Universal Life Insurance vs. Whole Life Insurance
Universal life insurance and whole life insurance are types of permanent life insurance, meaning they provide coverage for the policyholder’s life, as long as the premiums are paid. However, there are some key differences between the two:
- Flexibility – Universal life insurance often offers more flexibility than life insurance. Policyholders can adjust their premium payments and death benefits, and may even have the option to skip premium payments if they have accumulated enough cash value in the policy.
- Cash Value – Both types of policies accumulate cash value over time, but universal life insurance generally offers more flexibility in how cash value is invested and accessed. Policyholders can generally choose from a variety of investment options and access cash value through withdrawals or loans.
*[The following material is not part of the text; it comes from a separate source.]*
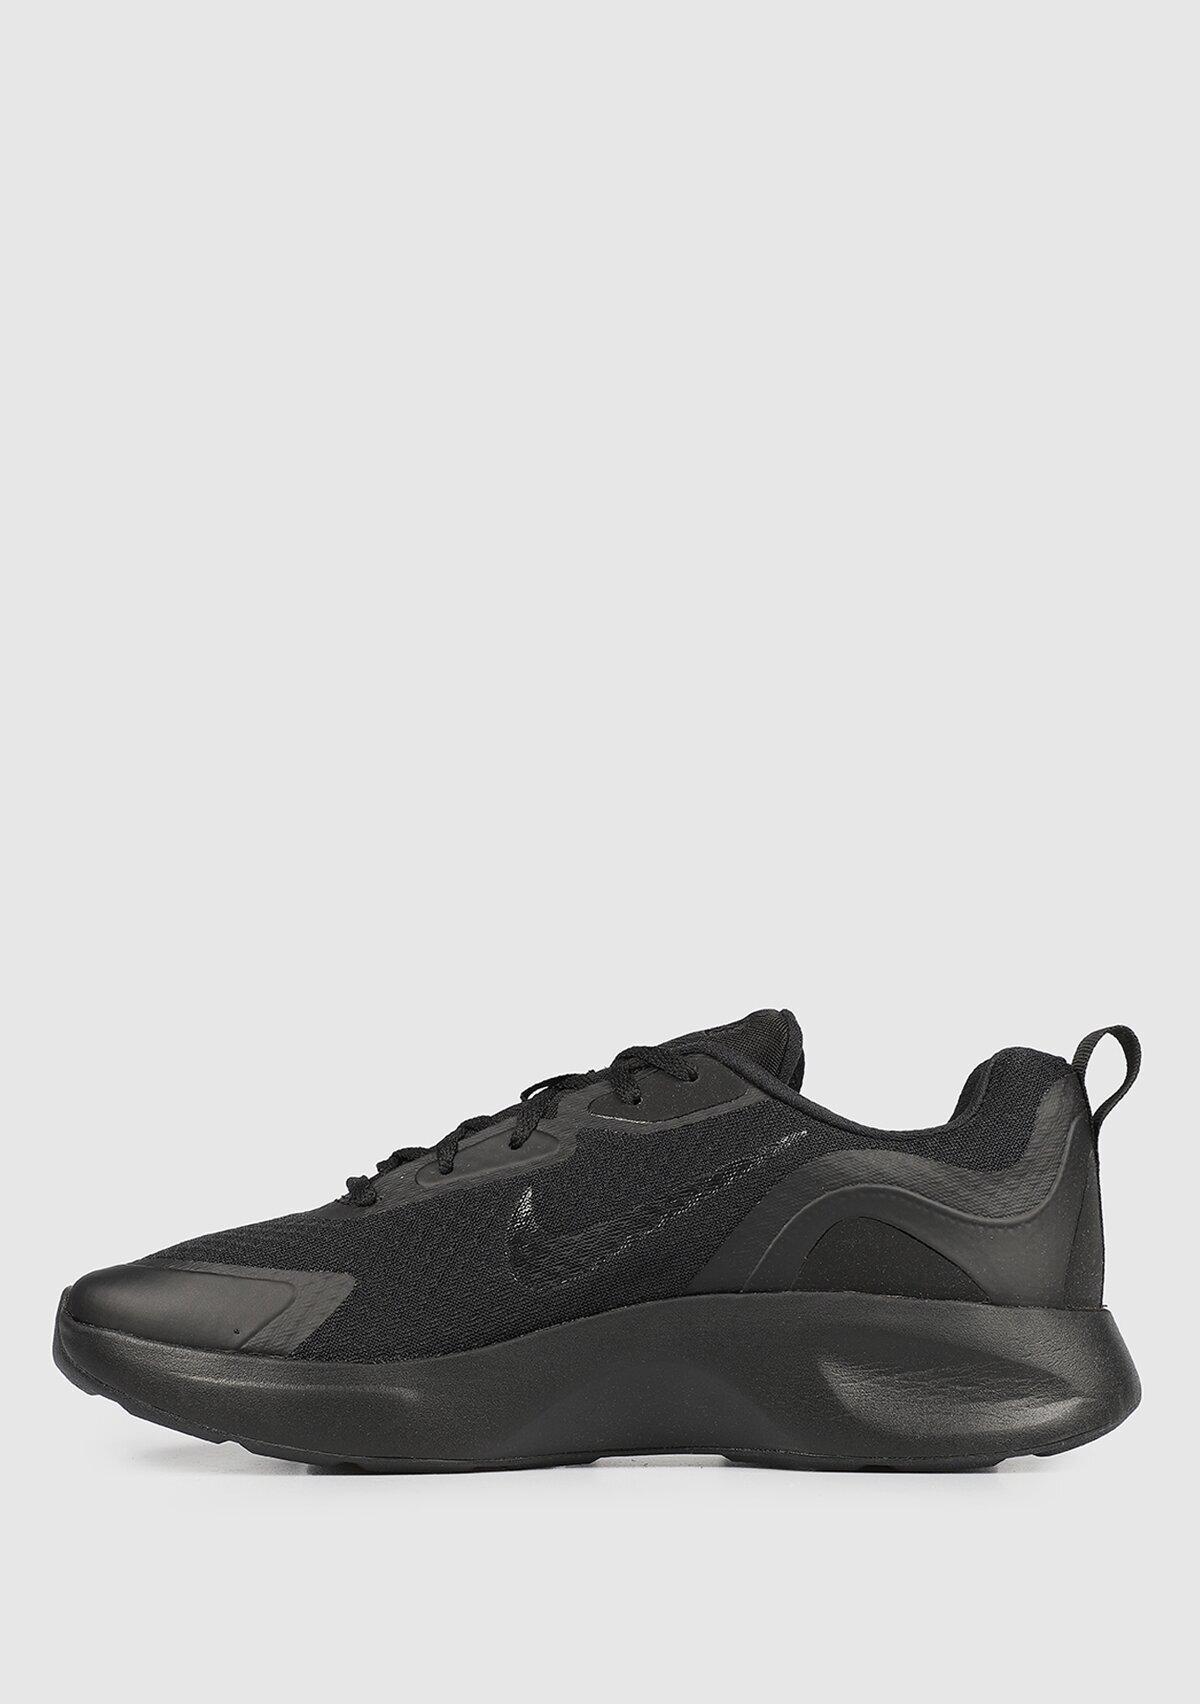 resm Wearallday Siyah Erkek Spor Ayakkabı Cj1682-003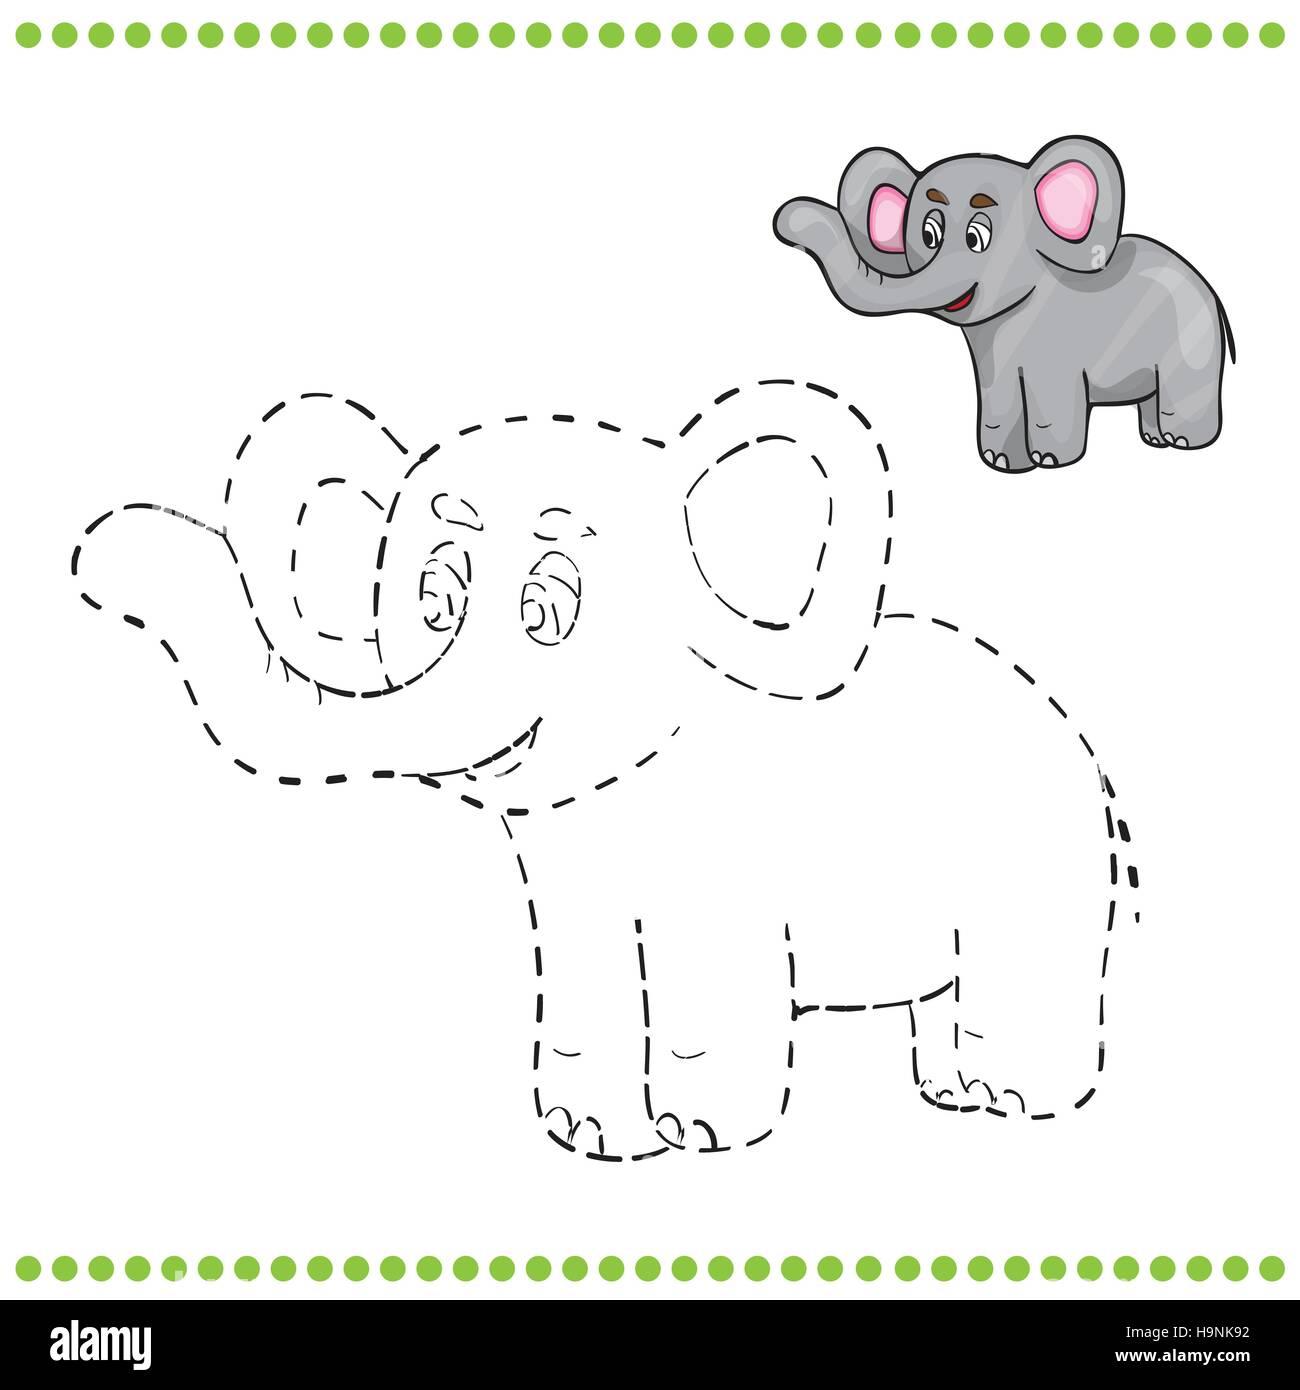 Verbinden Sie die Punkte und Malvorlagen - Elefant Vektor Abbildung ...

- Premiums – Universal life insurance policies generally have lower premiums than lifetime policies, although this can vary based on factors such as the age and health of the policyholder.
- Death benefit – Life insurance generally offers a fixed death benefit, while universal life insurance offers more flexibility in how the death benefit is structured. Policyholders can typically adjust the amount of the death benefit over time, which can be helpful for those who want to increase or decrease their coverage as their needs change.
- Guarantees – Whole life insurance offers more guarantees than universal life insurance, such as a guaranteed death benefit and a guaranteed cash value growth rate. Universal life policies can have more variability in terms of return on investment and cash value growth.
Universal life insurance is a type of permanent life insurance policy that offers a death benefit, a cash value component, and premium payment flexibility and death benefits. While it has a number of benefits, it is also a complex financial product that can be more expensive than other types of life insurance. It is important to carefully consider your individual financial situation and goals before purchasing universal life insurance.